CLAIMS SUBMITTED FOR THIS CONTRACEPTIVE IMPLANT AND ITS INSERTION IN EXCESS OF THE MANUFACTURER'S RECOMMENDED GUIDELINES ARE SUBJECT TO REVIEW AND ACTION BY THE DEPARTMENT. DOCUMENTATION IN THE PHYSICIAN'S RECIPIENT RECORD IS TO INCLUDE EVIDENCE
OF RECIPIENT EDUCATION REGARDING THIS LONG-ACTING CONTRACEPTIVE.


ATTENTION PROVIDERS

THE FORM CMS-1500 (08-05) WILL BE ACCEPTED BY LOUISIANA MEDICAID FOR ALL DATES OF SUBMISSION BEGINNING MARCH 5, 2007, BUT WILL NOT BE MANDATED FOR USE UNTIL JUNE 4, 2007.

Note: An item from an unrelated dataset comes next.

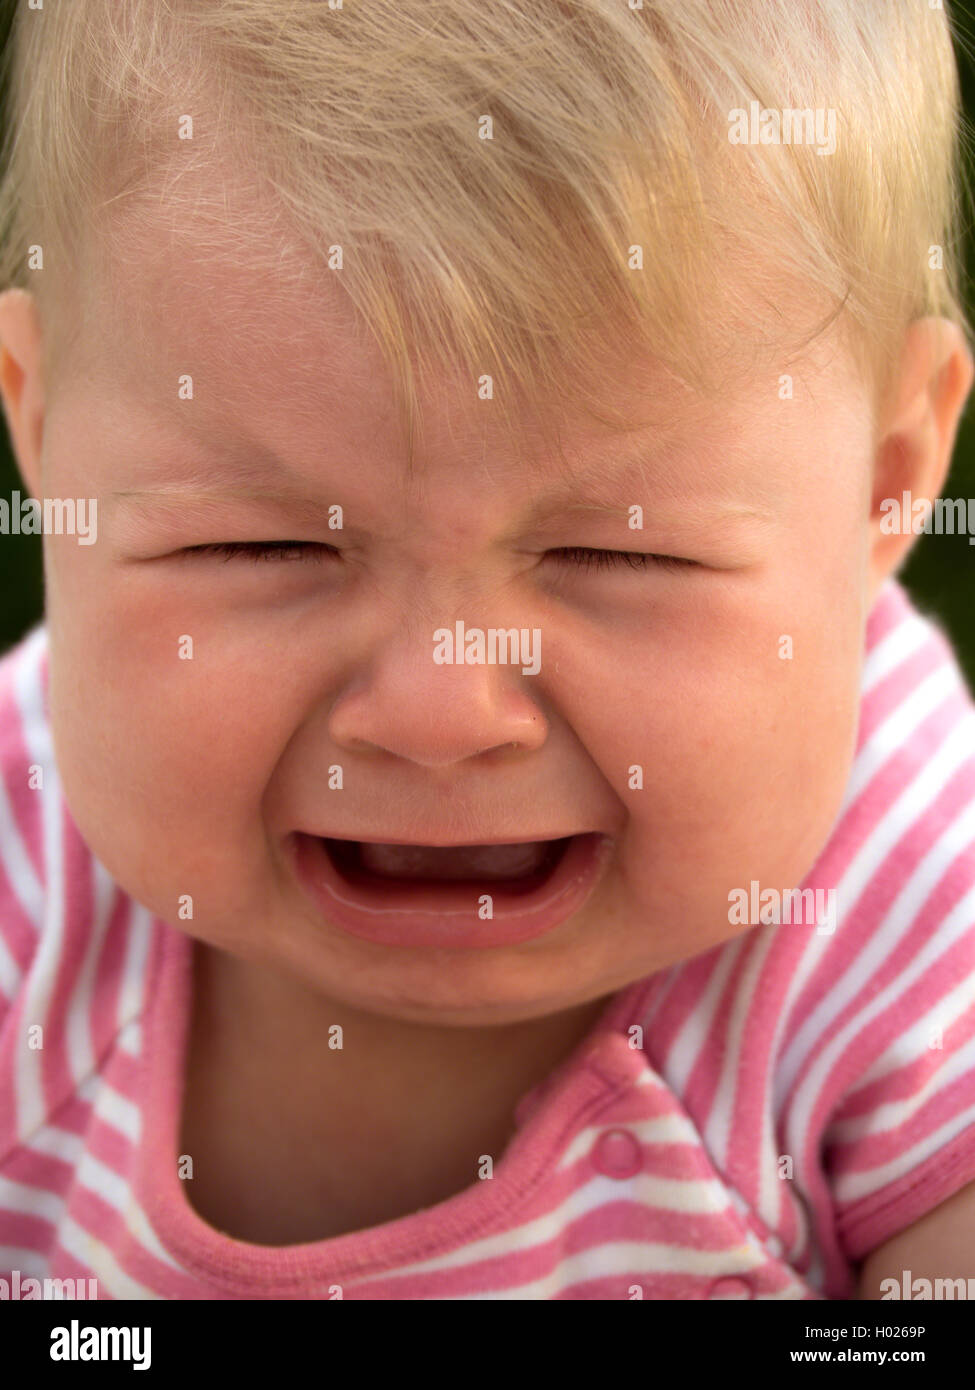 weeping baby, portrait, Austria Stock Photo

PROVIDERS WILL BE PERMITTED TO USE EITHER THE CURRENT FORM CMS-1500 (12-90) OR THE REVISED FORM CMS-1500(08-05) BEGINNING MARCH 5, 2007 THROUGH JUNE 3, 2007.

EFFECTIVE JUNE 4, 2007, THE FORM CMS-1500 (12-90) WILL BE DISCONTINUED AND ONLY THE FORM CMS-1500 (08-05) SHALL BE USED. THIS INCLUDES ALL REBILLING OF CLAIMS EVEN THOUGH EARLIER SUBMISSIONS MAY HAVE BEEN ON THE FORM CMS-1500 (12-90).